Senate debates

Tuesday, 23 November 2010

Questions without Notice: Additional Answers

Broadband

3:01 pm

Photo of Judith TroethJudith Troeth (Victoria, Liberal Party) Share this | Hansard source

I move:

That the Senate take note of answers given by the Minister for Broadband, Communications and the Digital Economy and Minister Assisting the Prime Minister on Digital Productivity (Senator Conroy) to questions without notice asked by various coalition senators today.

In my 17½ years in the Senate, I do not think I have ever seen question time reduced by a minister to such a travesty as I saw today. Senator Conroy dived and weaved around questions without making the faintest attempt to answer them. In taking note, I would like to take a reasonably forensic look at some of these questions and the way Senator Conroy did not answer them.

At the start of question time, Senator Wong in one of her answers described the question of the NBN as a ‘complex policy transaction’. If it is such a complex policy transaction, why is advice being provided very, very late in the piece to the government, and why haven’t they thought to make these inquiries before? The government’s inability to quantify the costs and benefits now is surely not an excuse to squander billions of taxpayer dollars. Their refusal to release the business plan must surely increase doubts about the NBN commercial case and thus Labor’s economic competence.

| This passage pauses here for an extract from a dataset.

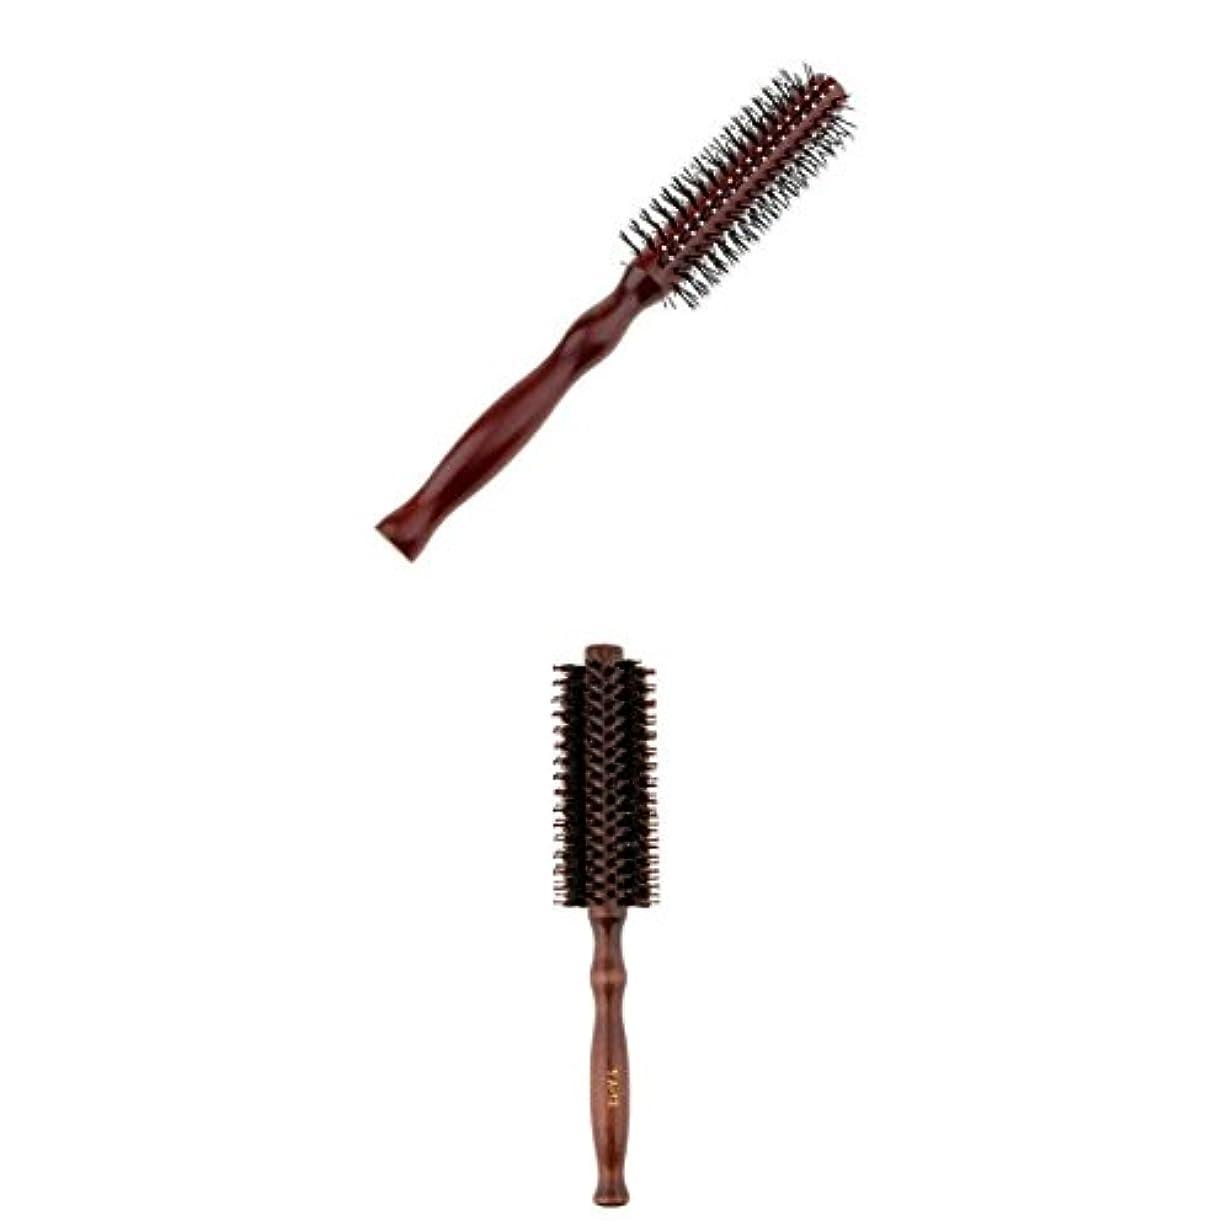 フィルタ危険を冒します対DYNWAVE ヘアブラシ ロールブラシ ヘアコーム 木製櫛 理髪師 家庭 アクセサリー 2点入り

No answer was given to Senator Cormann in reply to the questions that he asked. Senator Brandis then asked what I thought were very original questions: when, who and why? Even though these questions were denigrated by Senator Conroy, he could not answer them or give any degree of detail in the way that Senator Brandis asked. Respected economics writer Ross Gittins, in yesterday’s Sydney Morning Herald, wrote an article that began: ‘I am starting to get a really bad feeling about’ the NBN. This is so across all sections of the economy and across all sections of business. If it is good enough for the cabinet and the government to know what is going on with the NBN, the least they could do is release some information to us in the Senate and the House of Representatives. We are, after all, the elected representatives. But no definite answers can be given.

Senator Birmingham asked: ‘Will the document be released?’ And, finally, at the end of Senator Conroy’s response, we got a one-word answer: ‘No.’ It is regrettable that Senator Conroy treats this chamber with such disrespect that he laughs his way through every question and makes a joke of serious economic questions. This government spent $1 billion to set up the Home Insulation Program, and $1 billion will be needed to remedy it. I am sure we all hope, when we consider that $43 billion will be spent on the National Broadband Network, that a similar amount will not be needed to remedy any mistakes that arise.

The government expects the Senate to vote on this mammoth project with no information. I totally respect Senator Xenophon’s view on this. He was offered a private briefing on the grounds that he would maintain a seven-year silence. It is like something out of Grimm’s fairy tales—seven years silence in return for a policy briefing.